Fest pushes political envelope

JERUSALEM — Unfolding against the backdrop of the Israeli-Palestinian conflict, the Jerusalem Film Festival has a tradition of screening politically controversial films that hit a raw nerve locally, and this year is no exception.

Drawing criticism from both sides of the conflict is Palestinian Hanna Elias’ “The Olive Harvest,” a romance set in a Palestinian village surrounded by Israeli settlements that screened in fest’s panorama section Sunday.

Employing a Palestinian cast and Israeli crew and shot in the Palestinian Authority, pic revolves around a young woman who falls in love with two brothers.

Popular Palestinian actress Raeda Adun stars opposite Taher Najeeb and Mazen Saade. Muhammad Bakri, director of the controversial documentary “Jenin, Jenin,” plays the father.

The $1 million production was financed mainly by Silicon Valley entrepreneur Kamran Elahian.

Pic has also screened to Palestinian audiences in Ramallah and Nazareth as well as at the Tel Aviv Cinematheque, where it unspooled the day after a Palestinian stabbed a 24-year-old Israeli to death on the city’s beachfront promenade.

It is drawing a mixed response.

“Why do you show Israelis only as soldiers?” asked one member of the audience following its screening in the festival.

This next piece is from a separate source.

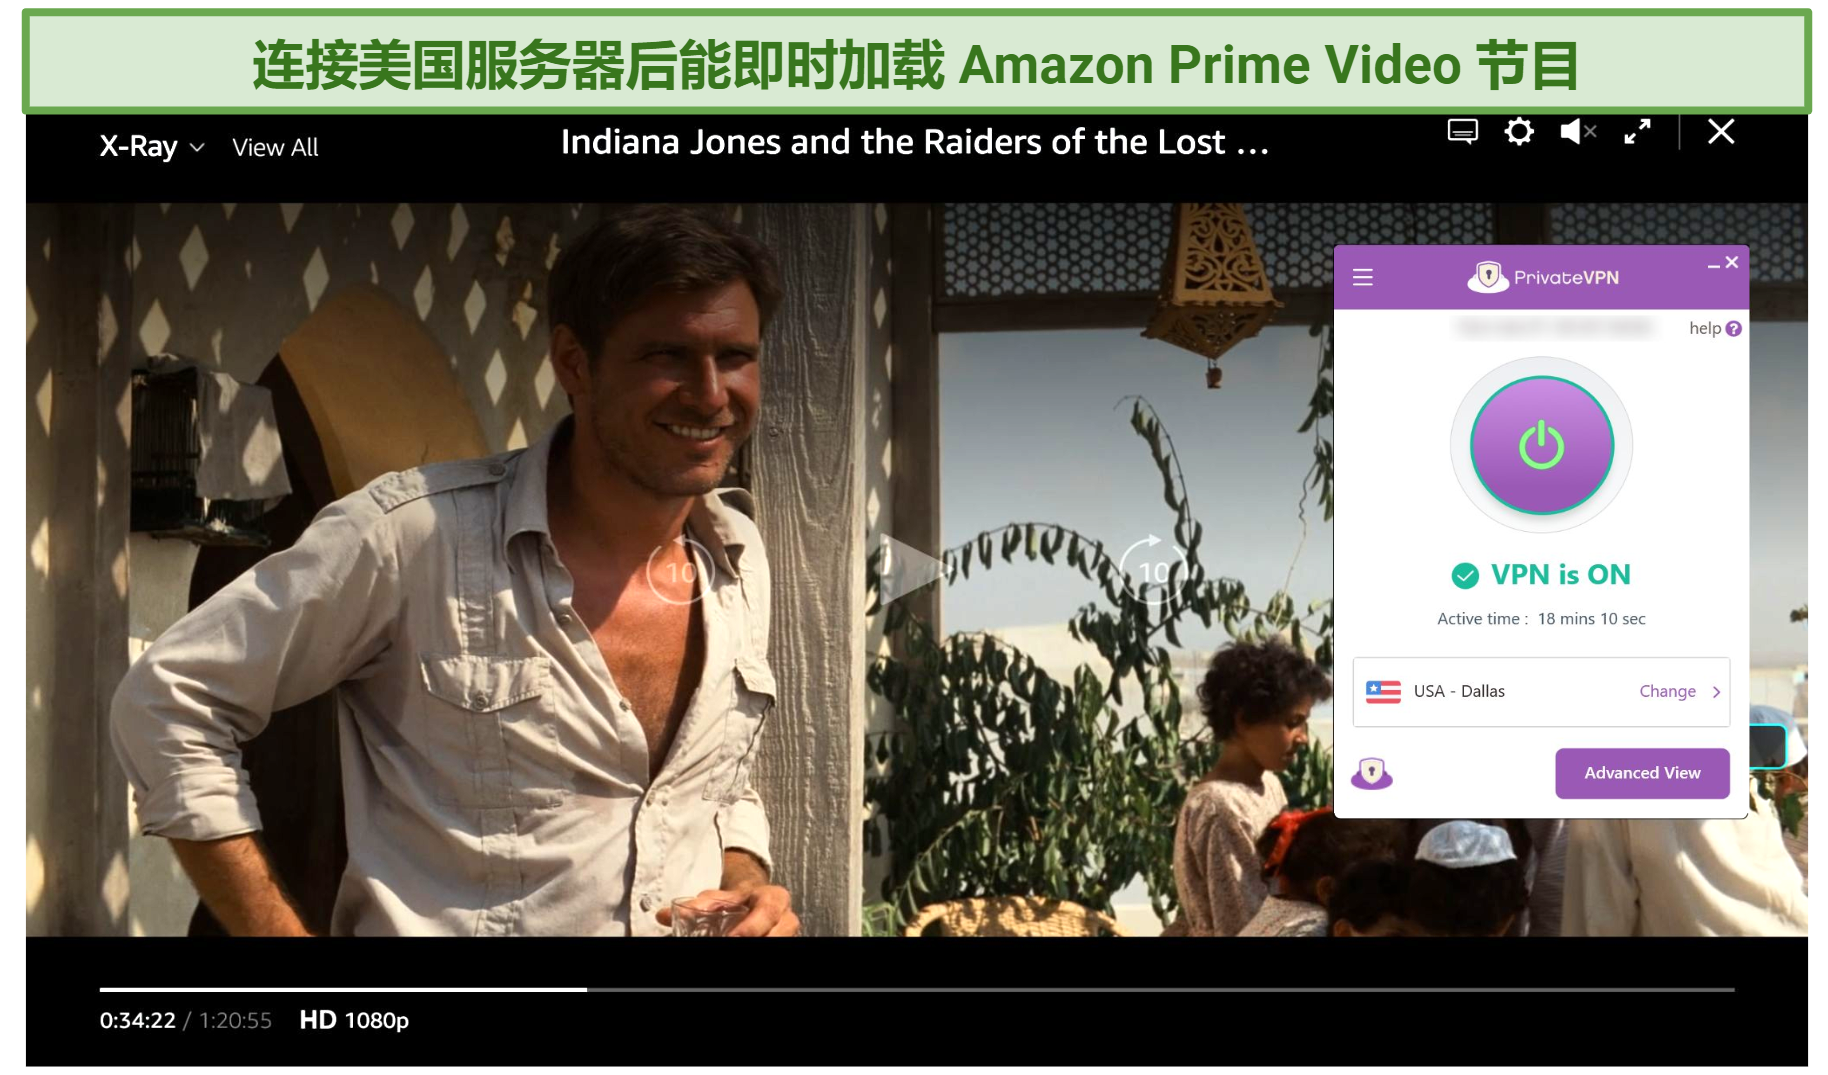 Screenshot of Amazon Prime Video player streaming Indiana Jones: Raiders of the Lost Ark while connected to PrivateVPN

“In Ramallah, people asked me the opposite questions,” said Elias. “They asked why we didn’t show more of the suffering in the PA.”

Elias conceived the film as “a message of peace,” saying he was inspired to hire an Israeli crew after working on a joint Israeli-Palestinian version of “Sesame Street” that ran in the late ’90s.

“I admired their professionalism and saw it could work,” said Elias. “I almost hired crew from L.A., then decided it would be better to work with Israelis.”

As Israel waits to see if a fragile truce declared by Palestinian militants will hold, the ideological debate is bubbling away at the nine-day fest, which wraps Friday.

Other Palestinian pics playing include Hany Abu-Assad’s documentary “Ford Transit,” that captures the effect of Israeli checkpoints and roadblocks on life in and around Ramallah through the eyes of a Palestinian taxi driver.

“It is important that we screen films that show how we are perceived by the other side,” commented festival director Lia van Leer.